Il pane come cibo è segno dei doni del Signore, di cui il più grande è la vita stessa, con tutto ciò che la vita porta in sé: amicizia, allegria, ospitalità, gioia… ma anche tutte le pene, i dolori e le sofferenze. Con il sudore del tuo volto mangerai il pane; finché tornerai alla terra, perché da essa sei stato tratto; polvere tu sei e in polvere tornerai (Gen 3, 19), dice il Signore ad Adamo, dopo la caduta. Ma quando Gesù, durante l’Ultima Cena, distribuisce il pane con le parole: Questo è il mio Corpo, toglie la condanna antica e libera il pane dal suo significato di schiavitù. Questo è il Mio Corpo significa il nuovo dono della vita che, dalla polvere della terra, si alza verso il cielo, risuscita nel Signore, entra nella Sua gioia che non passa. Nessuno potrà togliere la vostra gioia dice Gesù e questa gioia viene donata con il pane dell’Eucarestia che, nel termine originale greco, significa “ringraziamento”. La Rivelazione della vera natura del pane sta proprio nella gratitudine, nella gioia e nell’unità. Nell’Eucarestia il pane – che rimane il nostro pane quotidiano – diventa pasto del banchetto del Regno, dove tutti i discepoli di Cristo devono essere uniti.
I Padri della Chiesa parlano molto del mistero dell'unità con e tramite l’Eucarestia.
"Qui non portiamo idee nostre”, dice Sant'Agostino, “ma udiamo lo stesso Apostolo che, parlando di questo sacramento, dice: Un solo pane noi, pur essendo molti, siamo un solo corpo (1Cor …). Ma anche ciò che dobbiamo intendere del calice, pur senza dirlo, lo ha mostrato chiaramente. Come infatti per ottenere le specie visibili del pane molti grani di frumento vengono uniti a formare una cosa sola - affinché in tal modo si avveri ciò che la Scrittura dice dei fedeli: Era in loro un’anima sola e un cuor solo in Dio (At 4,32)…” (Discorsi).

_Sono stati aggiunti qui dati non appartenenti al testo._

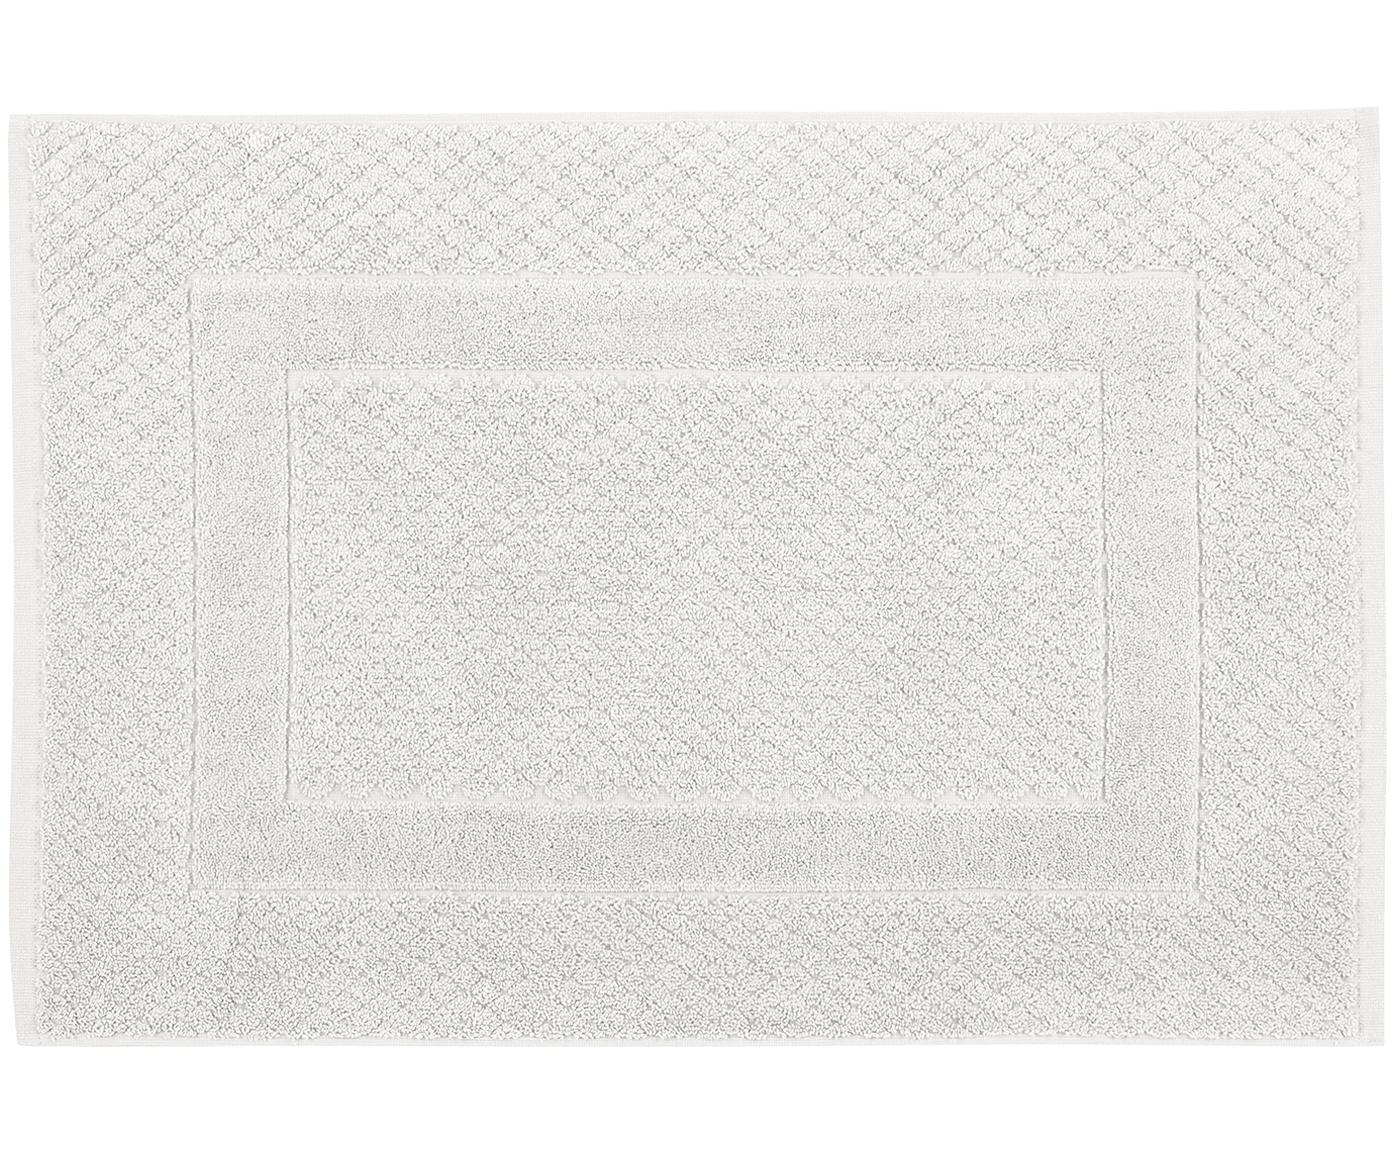 Dywanik łazienkowy Katharina, 100% bawełna, wysoka gramatura, 900g/m², Srebrnoszary, S 50 x D 70 cm
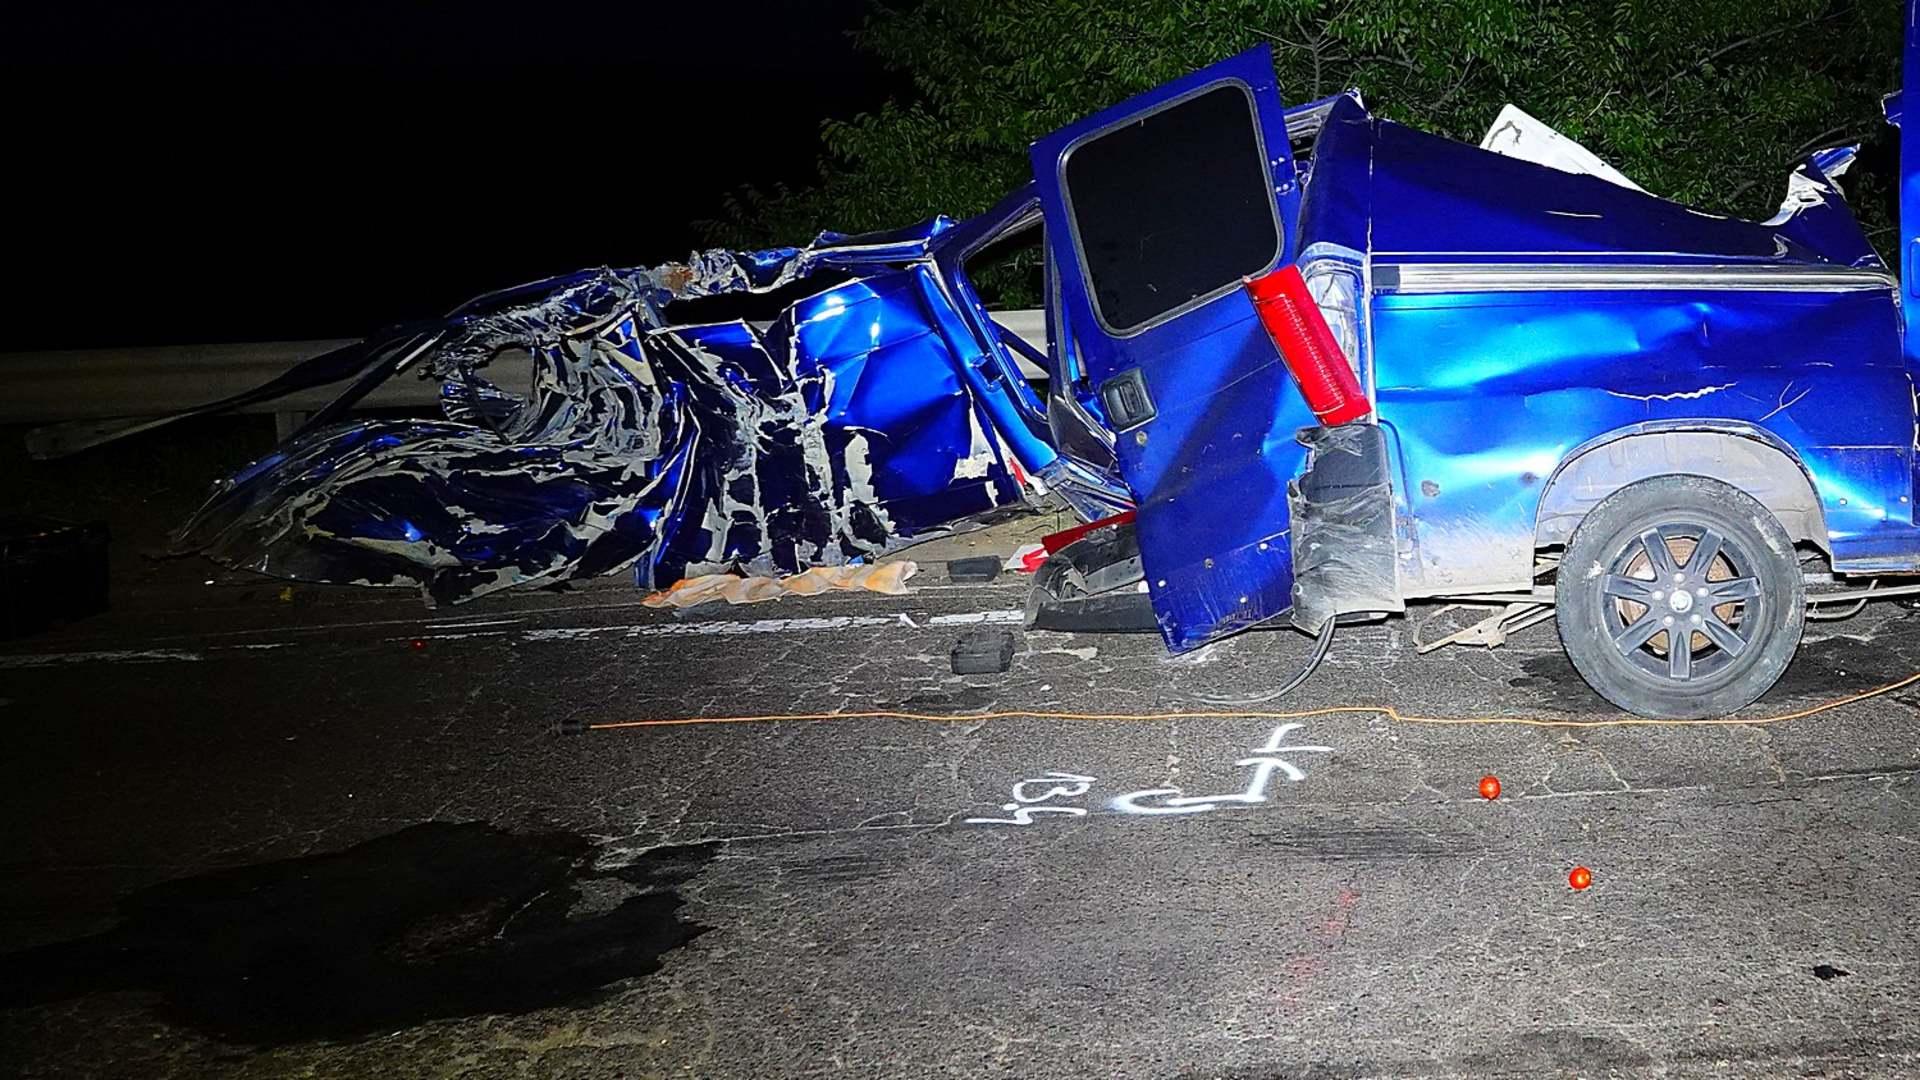 4-es főúton történt halálos baleset

Proprio il pane esprime la testimonianza dell’unità fra i discepoli di Cristo nelle parole degli Atti degli Apostoli: Erano assidui nell’ascoltare l’insegnamento degli apostoli e nell’unione fraterna, nella frazione del pane e nella preghiera. Questo versetto, che sembra così semplice, presenta quattro elementi della vita ecclesiale antica o primitiva, che sono legati fra loro in modo indissolubile: la retta dottrina (l’insegnamento degli apostoli), un forte senso della comunità unita nell’amore e nel rispetto reciproco (l’unione fraterna), la partecipazione al banchetto del Signore nell’Eucarestia e la preghiera condivisa. Tutto questo può essere riunito nel concetto della comunione, nella quale la partecipazione ai misteri di Cristo e la fratellanza dei discepoli di Cristo sono uniti fra di loro. Vale la pena di ricordare che l’epoca apostolica era ancora capace di riconciliare le tradizioni più diverse: una, ebraica, proveniva dai primi discepoli di Cristo stesso, mentre le altre appartenevano ai popoli pagani, appena convertiti al messaggio della Buona Notizia. L’Eucarestia del secolo apostolico, secondo le ricerche degli specialisti, poteva unire in sé alcuni elementi del culto pasquale ebraico con parti di culti pagani, assai lontani da esso. Possiamo affermare che l’epoca apostolica è partita dalla grande riconciliazione fra il popolo eletto (con la sua legge dell’Antico testamento) ed i convertiti provenienti dai popoli pagani – per arrivare, più tardi, alle irreparabili divisioni fra i cristiani stessi. Nell’epoca patristica il pane, come anche il vino, è diventato il segno dell’unità, confermata e proclamata nella preghiera eucaristica: “Come questo pane era disperso sulle colline e dopo è stato raccolto è diventato uno, così sia raccolta la Tua Chiesa da tutta la terra nel Tuo Regno”.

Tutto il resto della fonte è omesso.